TASK STATEMENT:
Everything in the listing should be set down exactly, apart from the pictures.

DATA SECTION:
════

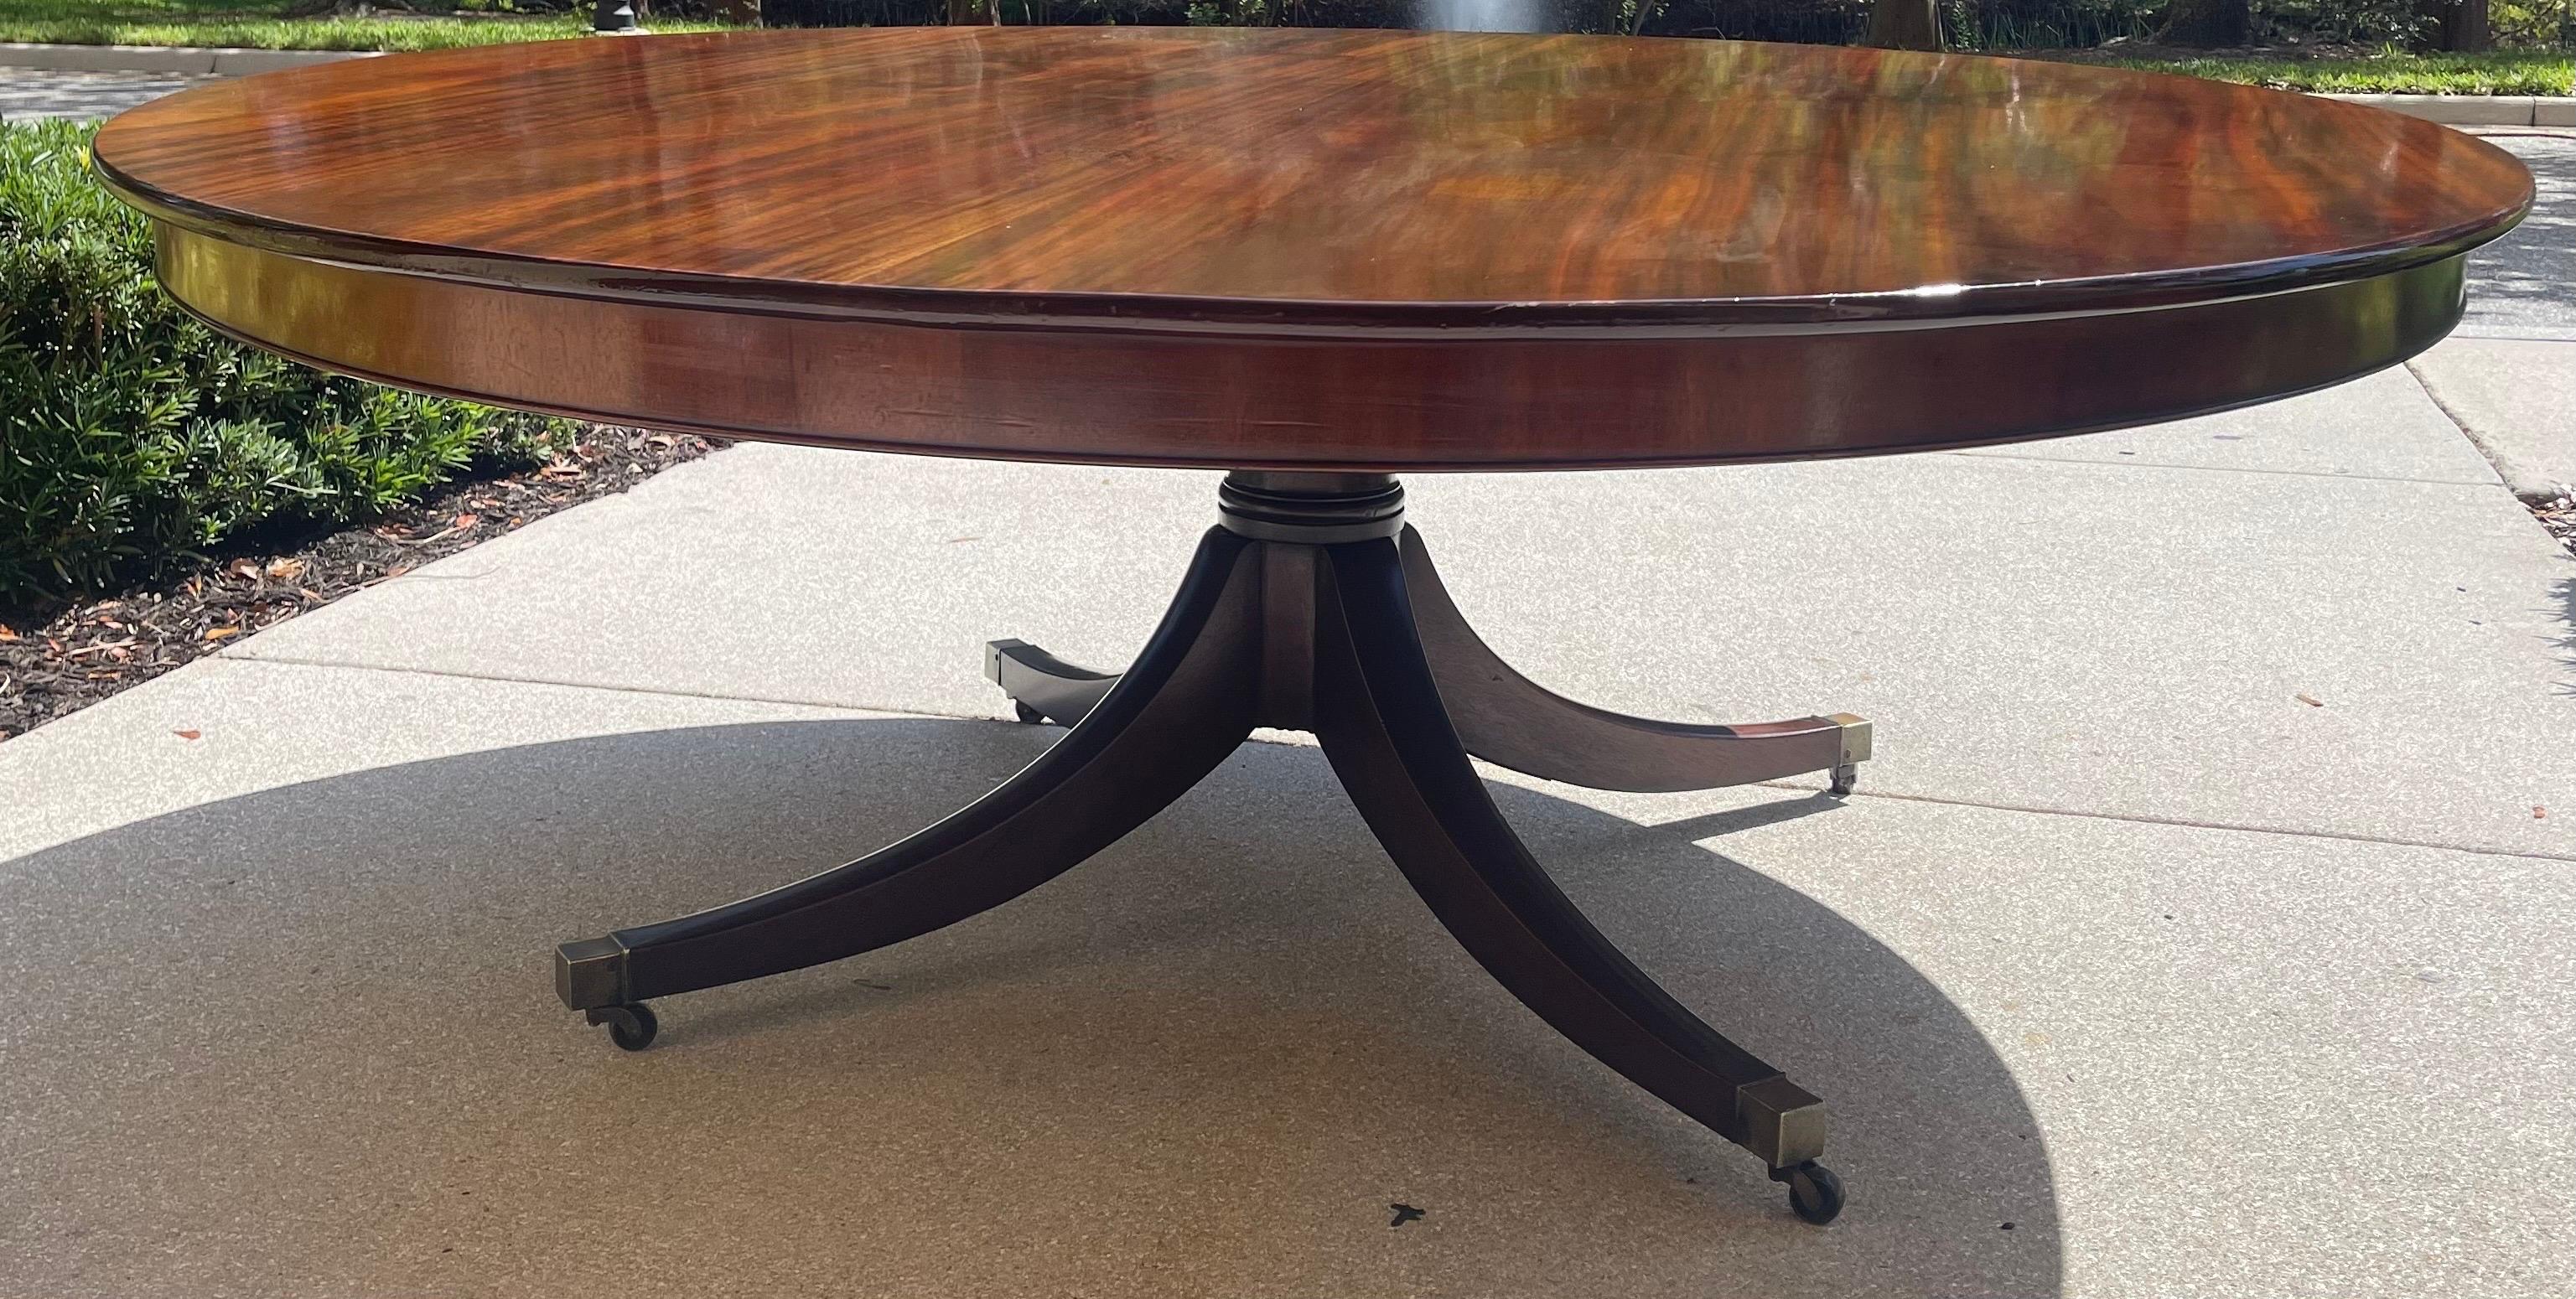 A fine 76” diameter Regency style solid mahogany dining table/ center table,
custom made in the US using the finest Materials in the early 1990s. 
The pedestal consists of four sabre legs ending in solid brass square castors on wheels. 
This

════

RESPONSE FOR THIS EXERCISE:
 A fine 76” diameter Regency style solid mahogany dining table/ center table,
custom made in the US using the finest Materials in the early 1990s. 
The pedestal consists of four sabre legs ending in solid brass square castors on wheels. 
This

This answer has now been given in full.